Our new identity in Christ changes everything. We are a new creation in him. He defines us, and our identity is dependent on his grace, not our performance. Our identity doesn’t depend on our to-do-list, our five-year goals, or what the world or even the church defines as success. Saul was very successful according to the standards of his fellow Pharisees, but not as defined by Jesus. Jesus had to make a radical change in Saul’s life to redefine him.
Jesus wants to redefine you too. He wants you to shed your narrow view of who you are and how you and the world around you define success to see yourself through the lens of infinite possibilities as you find your freedom in being exactly who God already calls you: his chosen one, his child, righteous, forgiven, free.
Identity in Christ: “His chosen one, his child, righteous, forgiven, free.”
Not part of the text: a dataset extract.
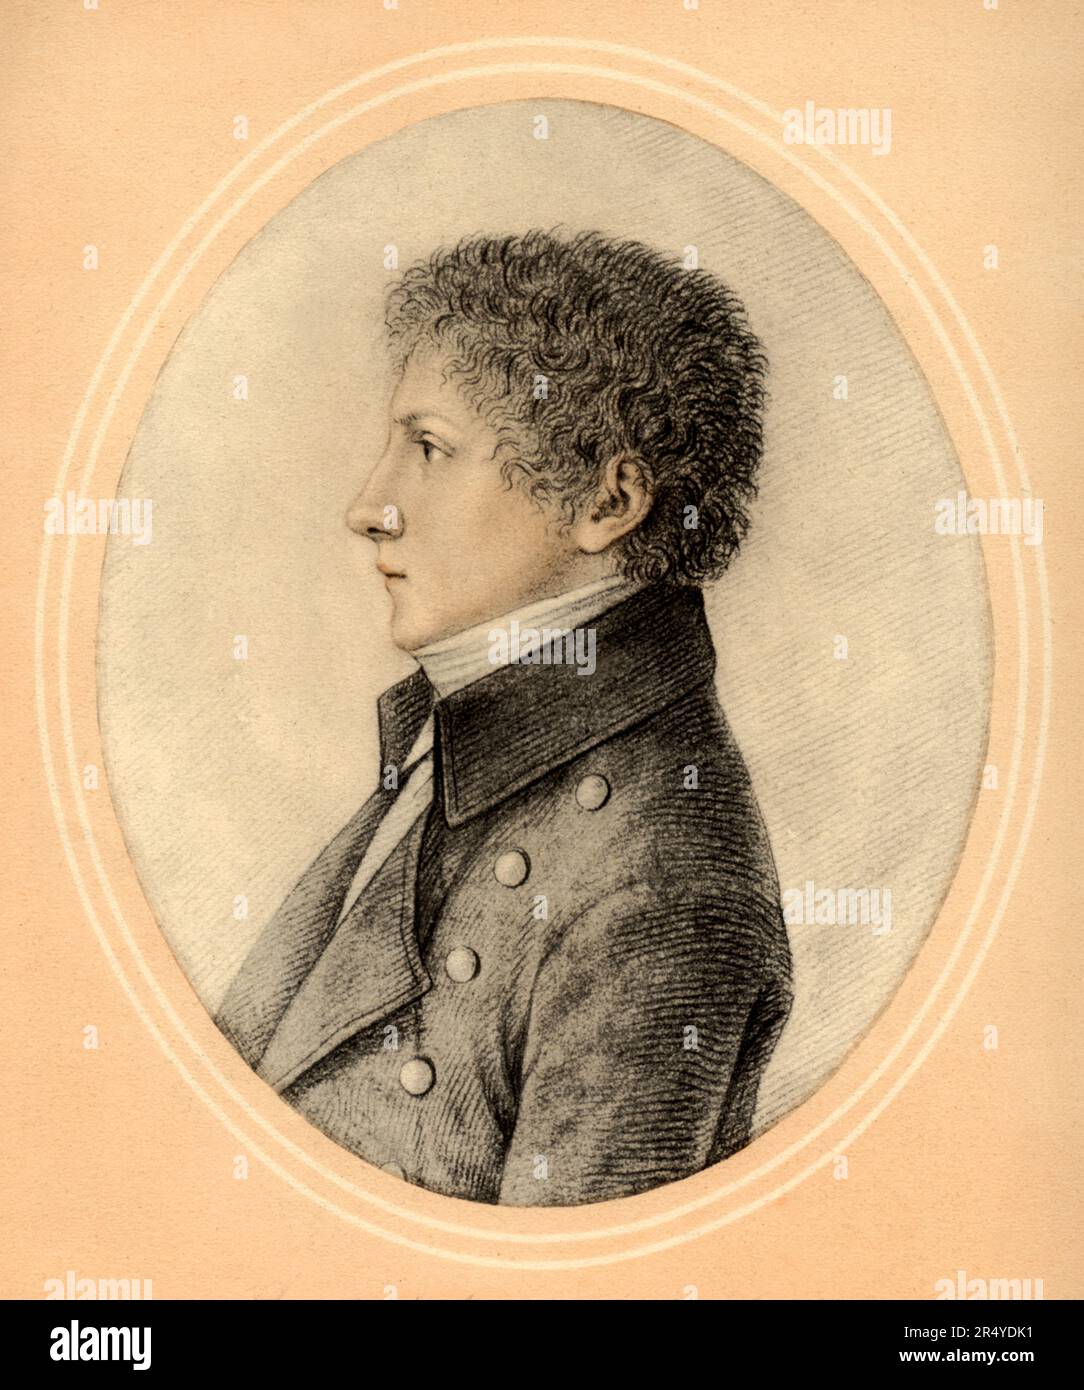 1802 , Milano , ITALIA : il celebre scrittore e poeta italiano ALESSANDRO MANZONI ( 1785 - 1873 ) di 17 anni . Ritratto del pittore GAUDENZIO BORDIGA ( 1773 - 1837 ) . - POETA - POESIA - POESIA - POESIA - SCRITTORE - LETTERATO - LETTERATURA - LETTERATURA - RITRATTO - PROFILO --- ARCHIVIO GBB Foto Stock
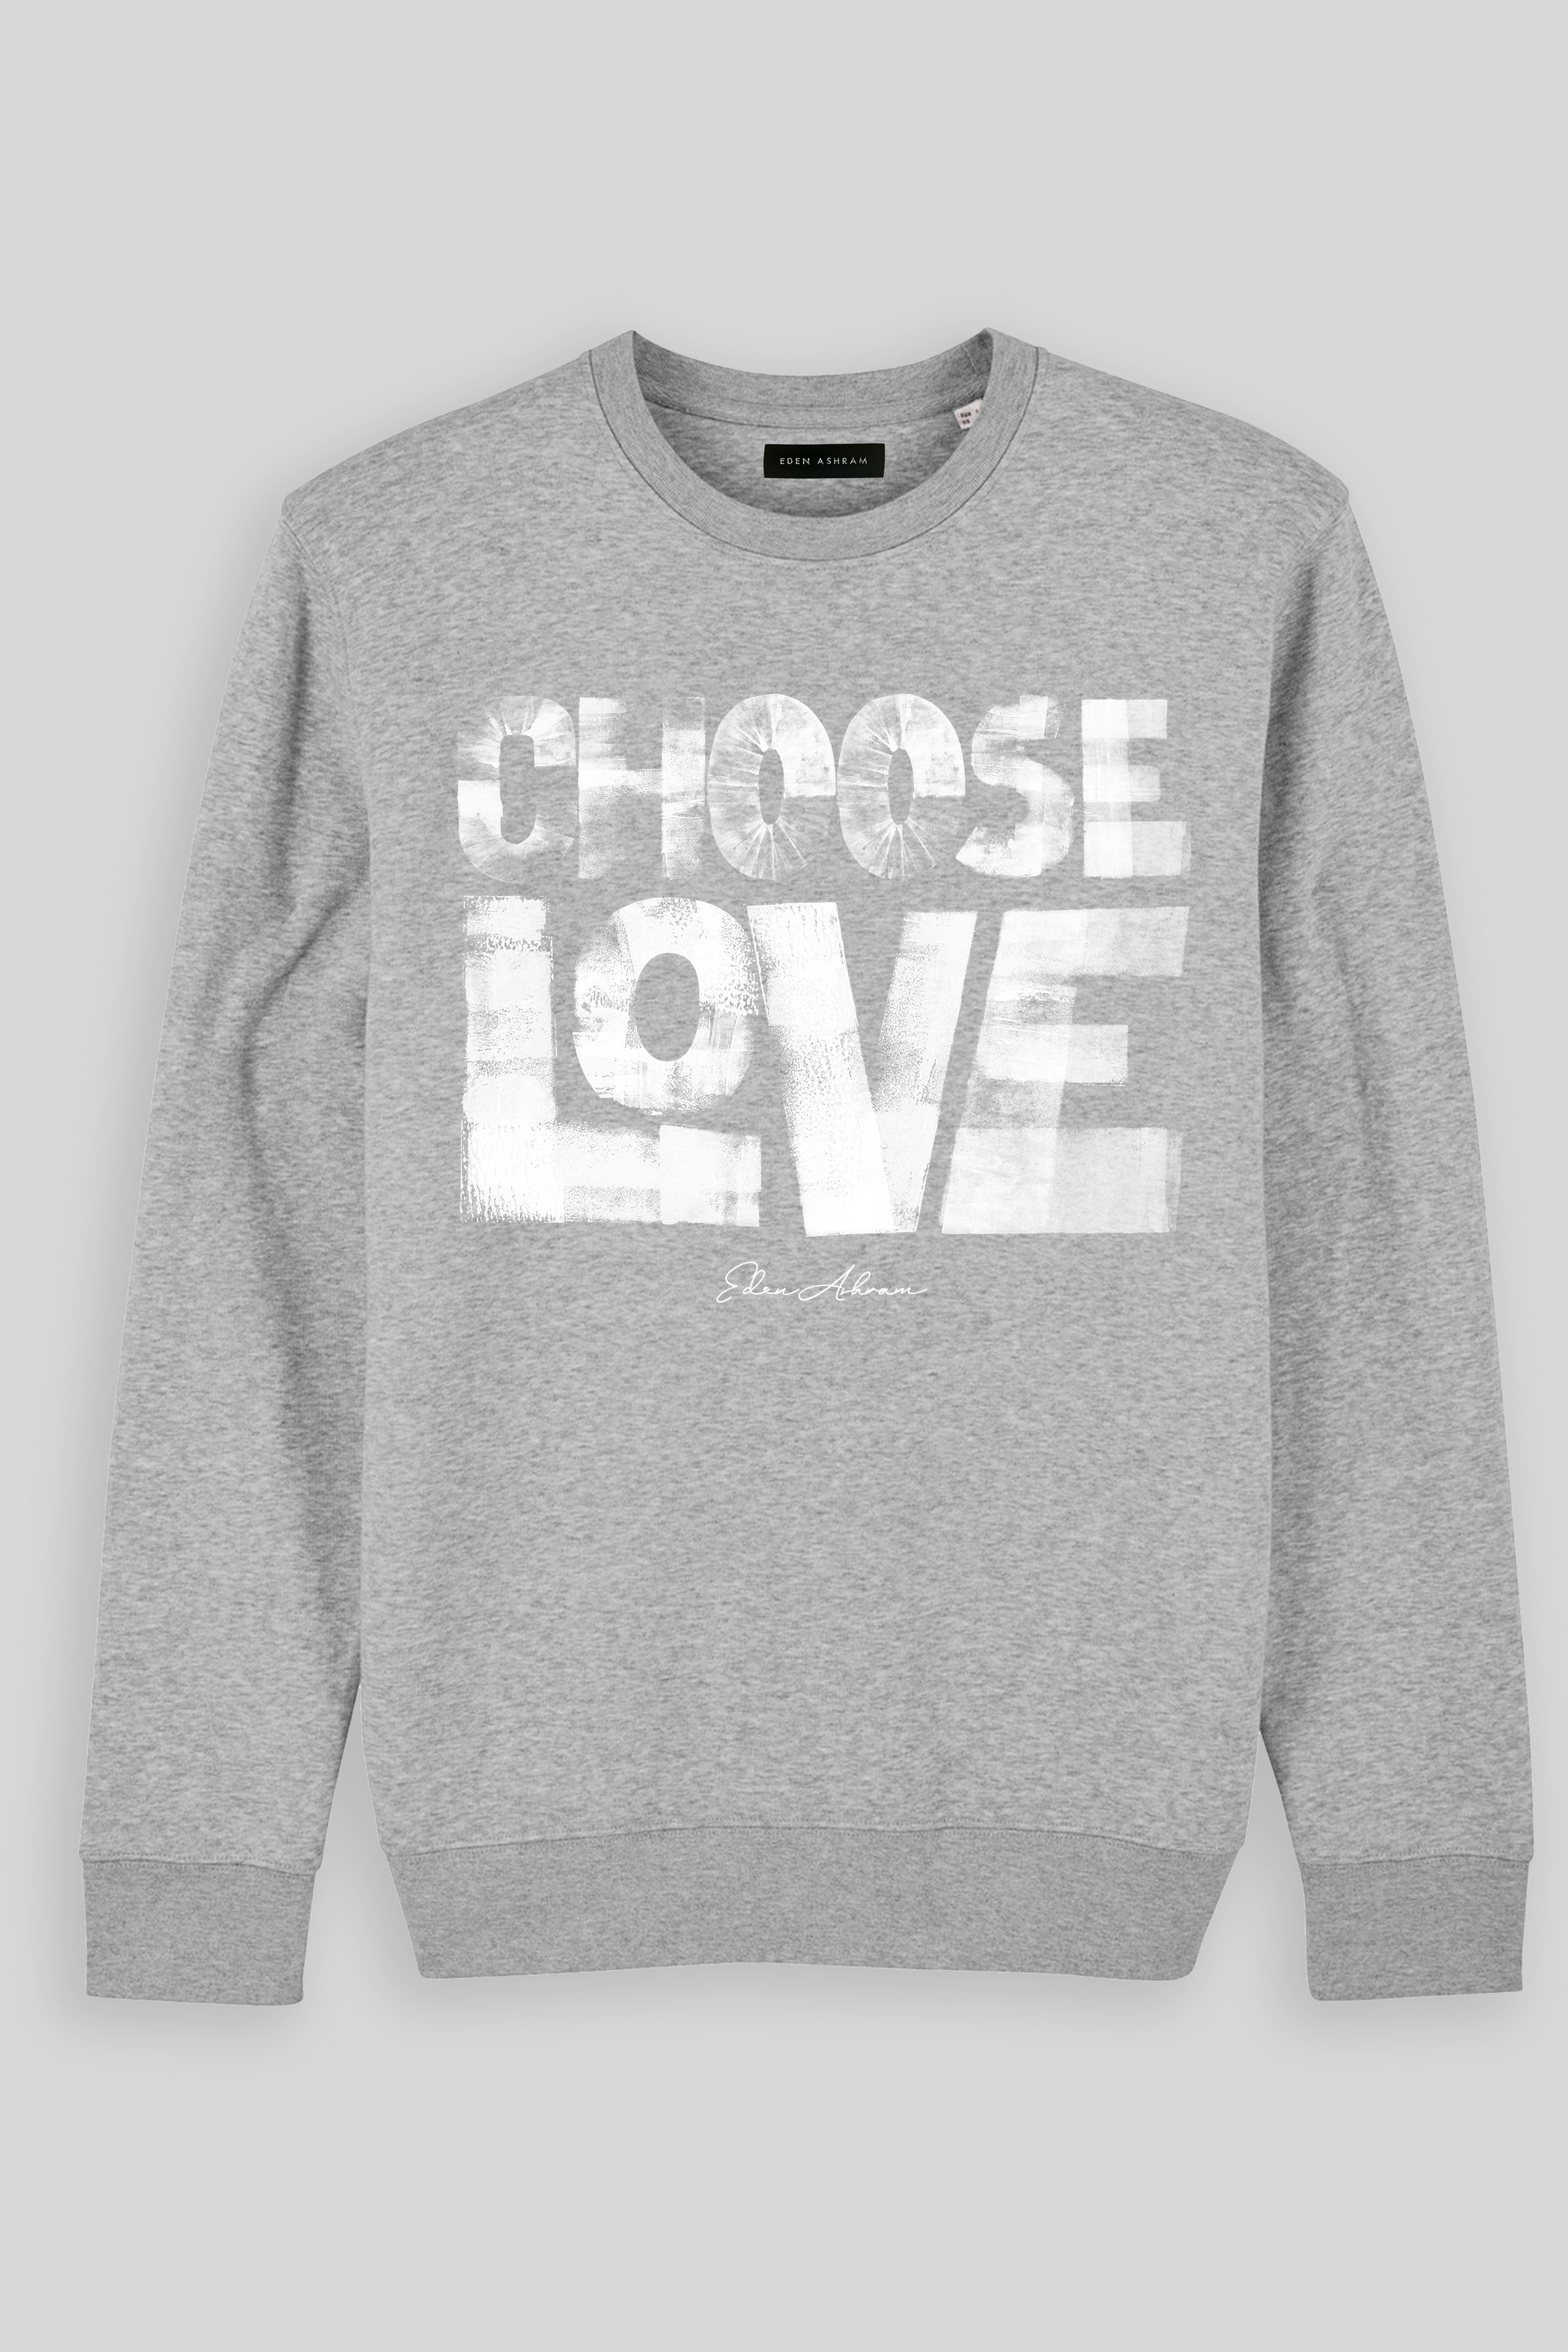 Eden Ashram Choose Love Premium Crew Neck Sweatshirt Heather Grey

What made the difference for Paul? An encounter with Jesus and his people. Even when you have accepted in your mind that your identity is found in Christ, you will need regular interaction with God and his people to remind you that you are loved as the person you are in Christ, not loved if you are a success in your roles. We are not meant to walk through life alone. Paul tells us of the time he spent with the apostles, learning and being shaped by those who spent time with Jesus. We want to encourage you to bring these hard questions before God and others, questions about where you are letting the world, even the Christian world, define you. Humbly allow others into your life to hear your answers. Find people who are farther along in this journey and ask about their experience in finding and living their true identity in God’s love.
Rediscovering Our Identity
Remember “Sarah” at the beginning of the chapter, the mother whose children left the faith and left her devastated? She has since spent years reevaluating her belief system and where she was putting her trust. Did she trust God with her children, or was she still trying to manipulate her kids to reach the outcome she believed was best? Whom was this truly about—her, her kids, or God? She has had to do a lot of work on her relationship with God through repentance and seeking truth in order to understand who he says she is.
As his child first and foremost, Sarah is able to be a light to her adult kids while keeping her fundamental identity separate from her kids’ decisions. She, as well as much of her Christian world, had defined her by tangible outcomes of her children’s faith, and thus she had felt like a failure as a parent, as a Christian. Now, her identity is firmly grounded in Christ, and that grounding gives her the peace to be firmly planted in Christ, where she can be an example to her kids but leave the outcome to God.
“Now, her identity is firmly grounded in Christ, and that grounding gives her the peace to be firmly planted in Christ.”
This didn’t happen overnight, and it wasn’t without putting in the work to rewire her thinking. Sarah studied God’s Word, specifically focusing on who God says she is. She made habits out of capturing her thoughts and changing the dynamics of the conversations she was having with her grown children. The conversations became about hearing their hearts and asking God to reveal to her what her responses should be, not how her flesh wanted to respond and correct things. She is a work in progress, and God is molding her into a woman who can love those who are causing her pain by their actions. She is perhaps the only person in their lives who is standing for the truth of Jesus.